Presently, the role of snoRNAs in the mechanism in CRC remained unknown. The early reports show related pathways of CRC may play key roles in the development of tumorigenesis. For instance, GAS5-derived snoRNAs have a link with p53 levels in colorectal tissue, which indicates that GAS5-derived snoRNAs play an important role in p53-associated signaling pathways in colorectal cancer (CRC) [30]. The expression levels of small nucleolar RNA host gene 15 (SNHG15) may be involved in the NF-κB signaling pathway, induce the epithelial-mesenchymal transition process, and promote renal cell carcinoma invasion and migration [31]. The small nucleolar RNA host gene 1 (SNHG1)/miR-140/TLR4/NF-κB signaling axis plays a crucial role in cholangiocarcinoma tumorigenesis and progression [32]. Here, SNORA71A targeted LBP participated in NF-kappa B signaling pathway and Toll-like receptor signaling pathway. SNORA71A targeted LEP participated in the Jak-STAT signaling pathway. These results imply that SNORA71A may participate in the occurrence and development of CRC.

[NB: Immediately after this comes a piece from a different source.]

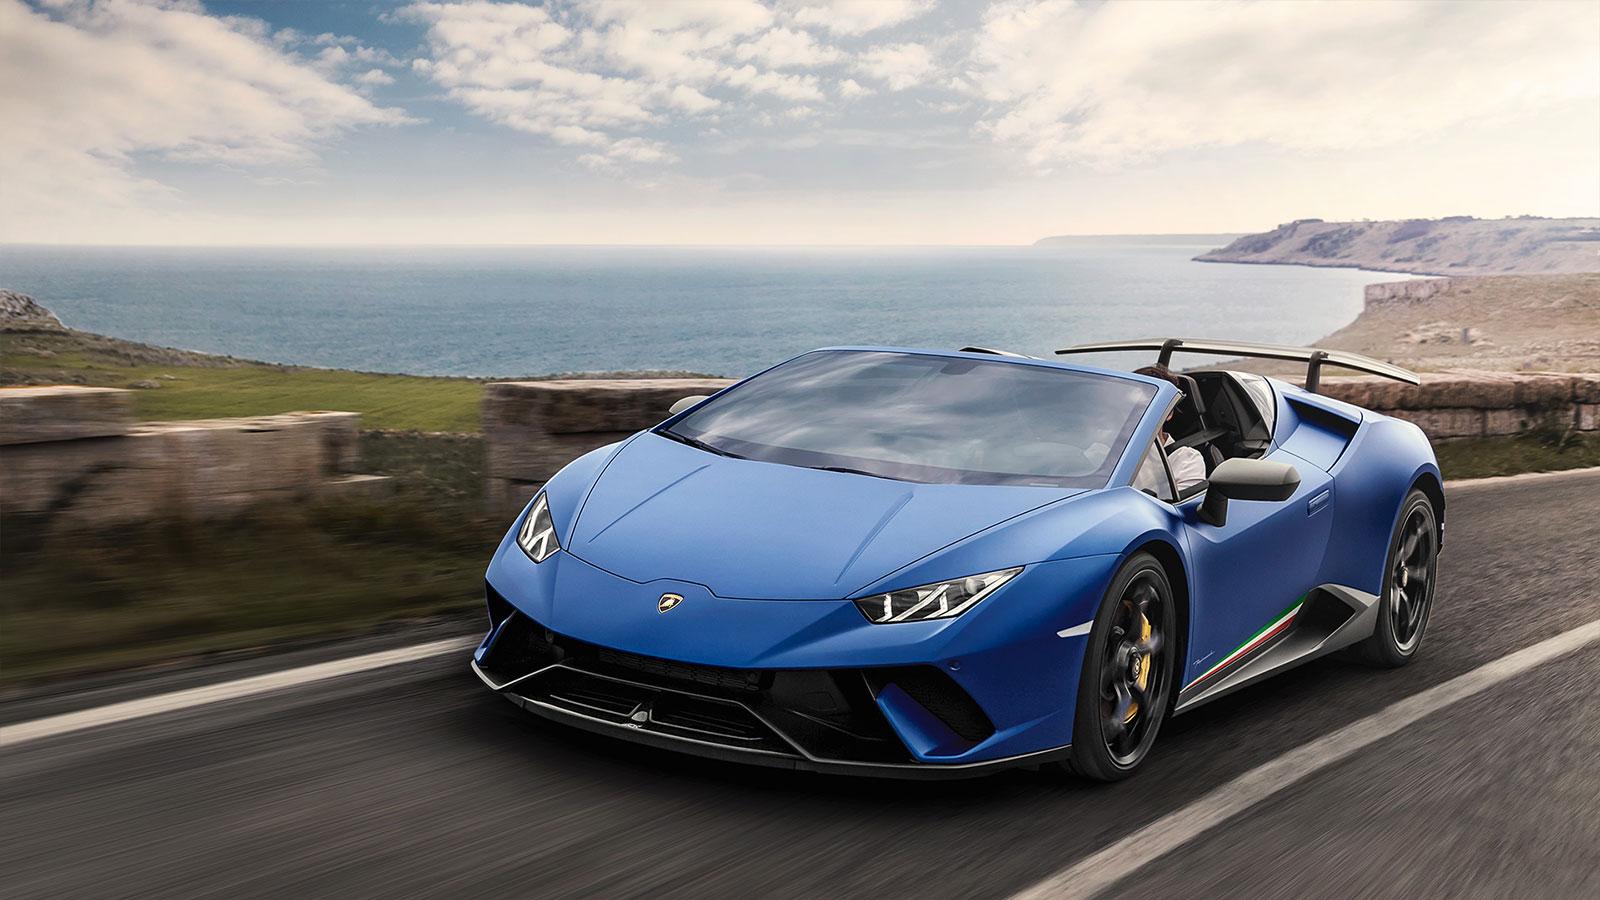 Lamborghini Huracan Performante Spyder - Vivid Technology image 2

The intron encoded snoRNAs, in most cases, their expression levels are determined by transcription of host genes [33]. Therefore, the transcription between snoRNA and their host genes might be synchronous. The SNORA71A is located in the third intron of SNHG17; thus, the transcription of SNORA71A might be synchronized to SNHG17. According to the report, SNHG17 is upregulated in CRC tissues and leads to enhancement of the CRC cell proliferation through knocking down P57, suggesting expression of SNORA71A is upregulated in CRC ([34]), whereas the recent study shows the transcription of SNORA71A in NSCLC tissues is independent from its host gene SNHG17 [29]. The link between transcriptions of SNORA71A and SNHG17 needs to be further investigated in CRC

In investigating a connection between snoRNAs and tumorigenesis, the reports indicate snoRNAs are aberrantly expressed and play important roles in CRC. For instance, SNORA42 overexpression results in enhancment of cell proliferation, migration, invasion, anoikis resistance, and tumorigenicity in CRC cells [15]. SNORA21 expression inhibition mediated by CRISPR/Cas9 inhibits cell proliferation and invasion in CRC cells [35]. However, the effect of snoRNAs on initiation and progress in CRC. Here, we further determined in vitro functional significance of SNORA71A in CRC cell lines remains unknown. SNORA71A is required for efficient proliferation, migration, and invasion of CRC cells. Our results indicated that SNORA71A knockdown cells led to a significant inhibition of cell proliferation, migration, and invasion in HT-29. Moreover, SNORA71A overexpression facilitated cell proliferation, migration, and invasion ability in SW480 cells. All these findings further suggested that SNORA71A might serve as an oncogene in CRC.

In conclusion, this study presented differentially expressed profile of snoRNAs in CRC via small RNA sequencing. The SNORA71A was significantly upregulated in CRC tissues and cells. SNORA71A acted as an oncogene and promoted proliferation, migration, and invasion ability of CRC cells.